BEGIN

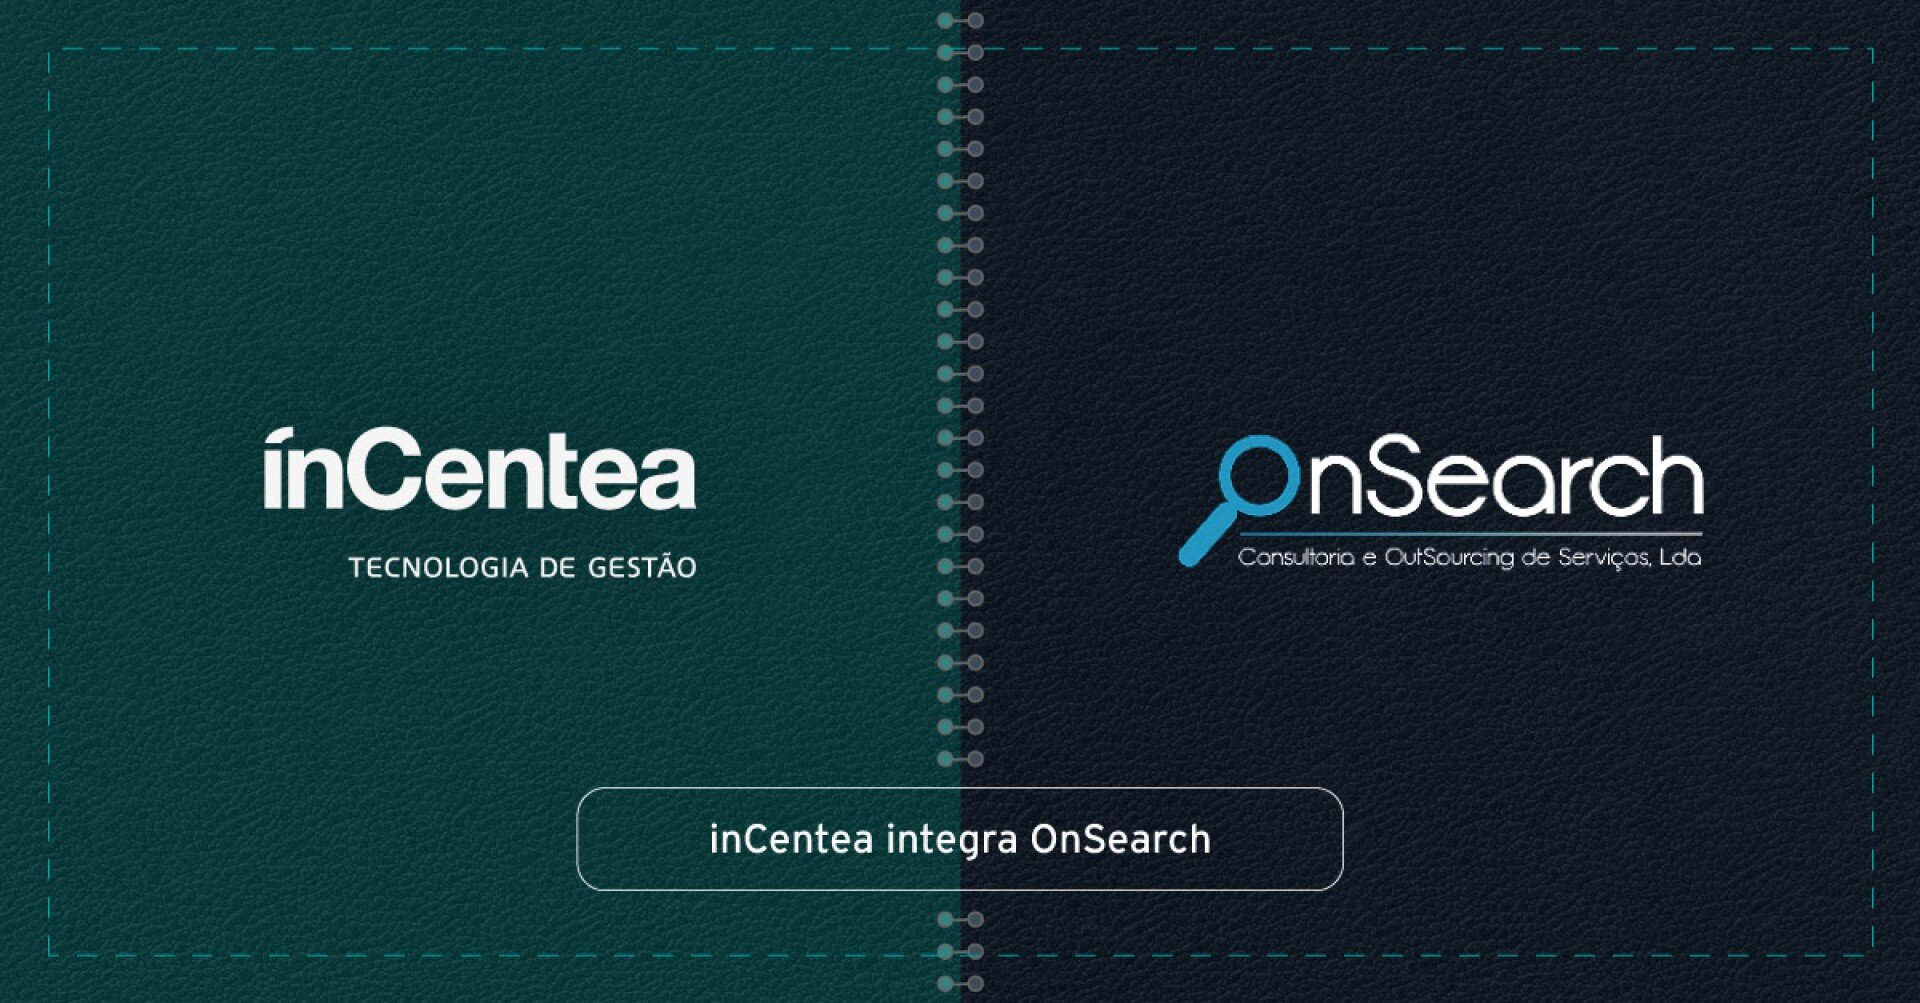 inCentea refuerza el portafolio de soluciones con la integración de OnSearch
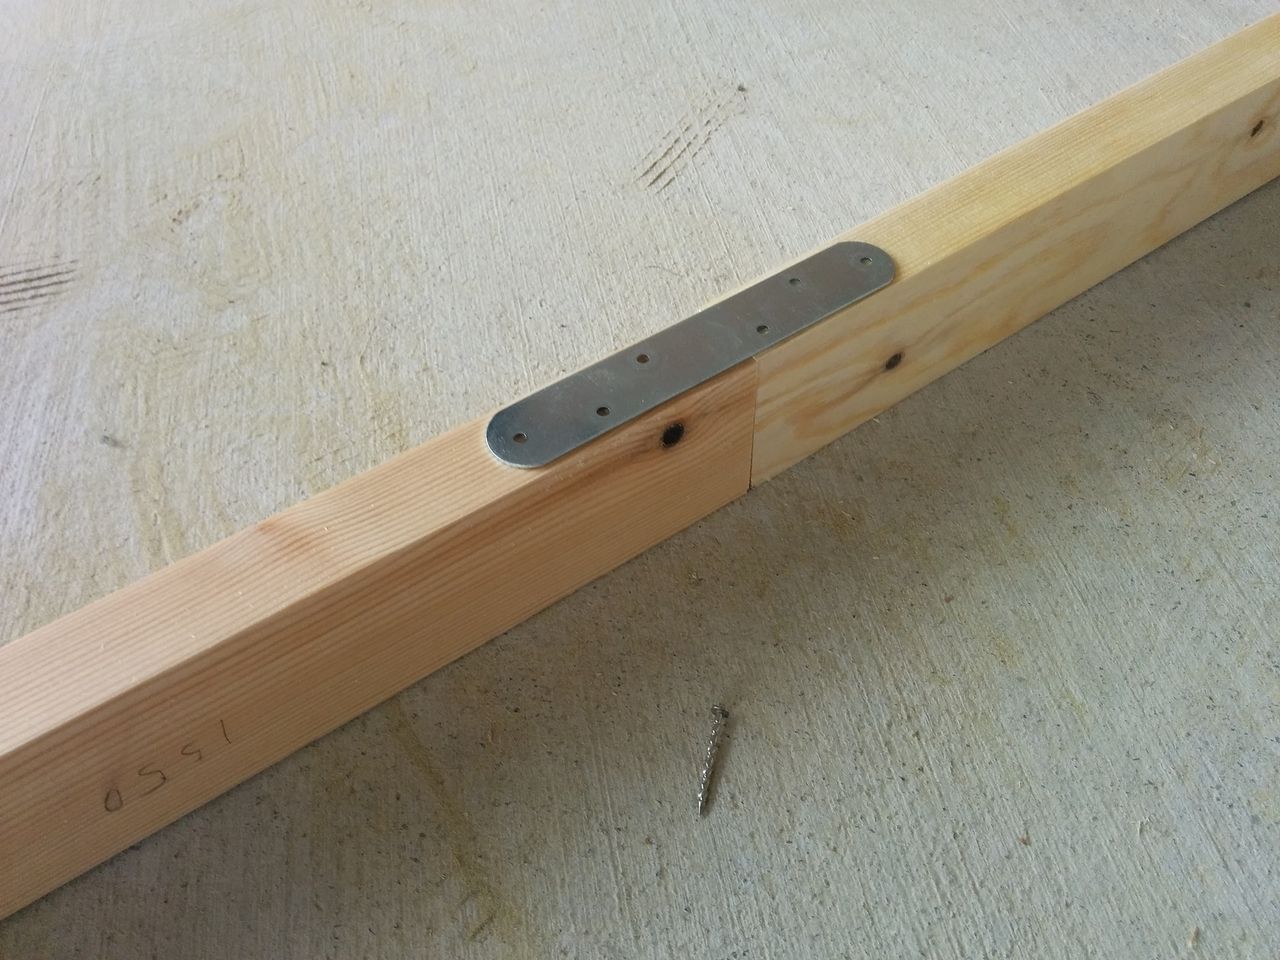 本当は桟木をジョイントせずに根太を組みたいところですが、材料の運搬などを考えた結果、一文字プレートを使ってジョイントすることにしました。
この一文字プレートをスクリュー釘を使って固定していきます。
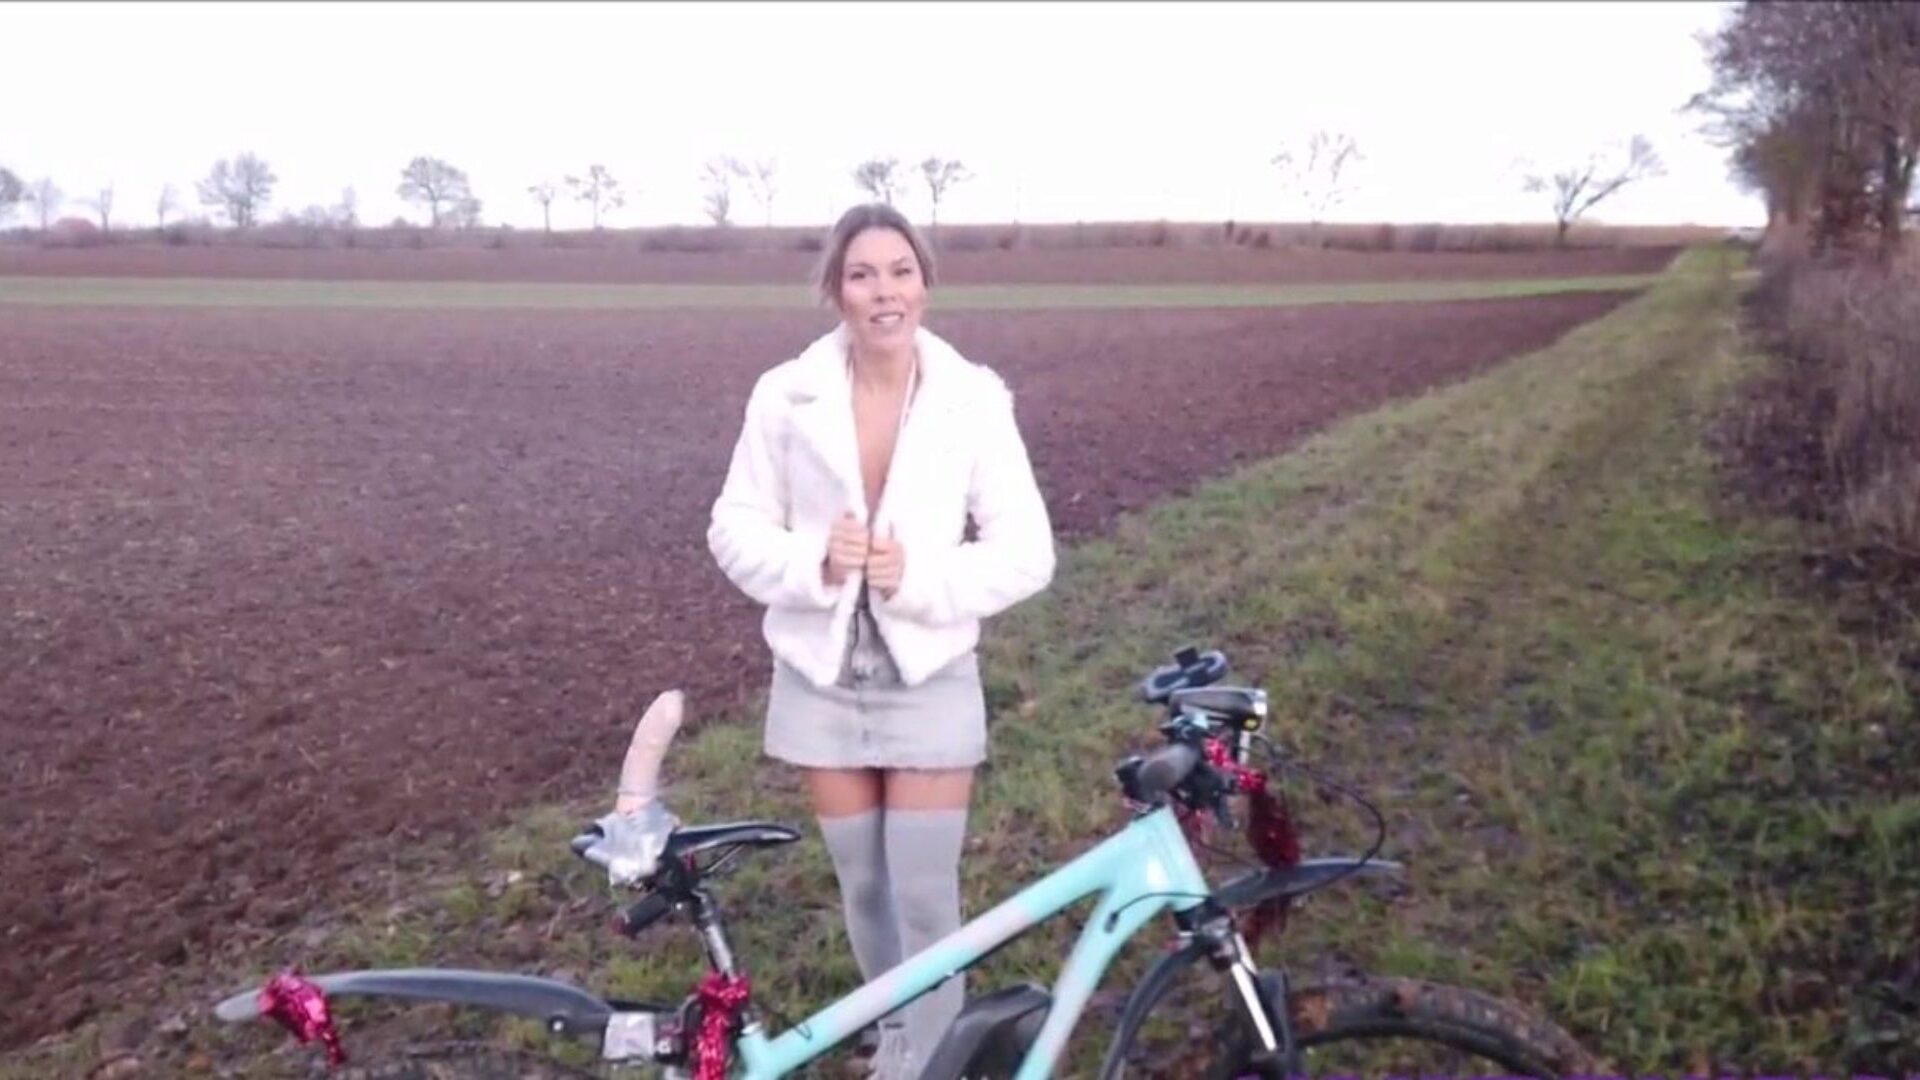 το πρωτότυπο μέρος 2 η Λάρα Μπέργκμαν κάνει κακή χρήση του ποδηλάτου της: πορνό 2b παρακολουθήστε το αρχικό μέρος δύο η Λάρα Μπέργκμαν κάνει κακή χρήση της σκηνής της ταινίας ποδηλάτου στο xhamster - η απόλυτη συλλογή δωρεάν γερμανικών ταινιών HD σκληρού πυρήνα πορνογραφικών ταινιών

END

- _WORK ITEM_
Repeat the listing verbatim without its pictures.

- _YOUR RESPONSE_
 inCentea refuerza el portafolio de soluciones con la integración de OnSearch
 本当は桟木をジョイントせずに根太を組みたいところですが、材料の運搬などを考えた結果、一文字プレートを使ってジョイントすることにしました。
この一文字プレートをスクリュー釘を使って固定していきます。
 το πρωτότυπο μέρος 2 η Λάρα Μπέργκμαν κάνει κακή χρήση του ποδηλάτου της: πορνό 2b παρακολουθήστε το αρχικό μέρος δύο η Λάρα Μπέργκμαν κάνει κακή χρήση της σκηνής της ταινίας ποδηλάτου στο xhamster - η απόλυτη συλλογή δωρεάν γερμανικών ταινιών HD σκληρού πυρήνα πορνογραφικών ταινιών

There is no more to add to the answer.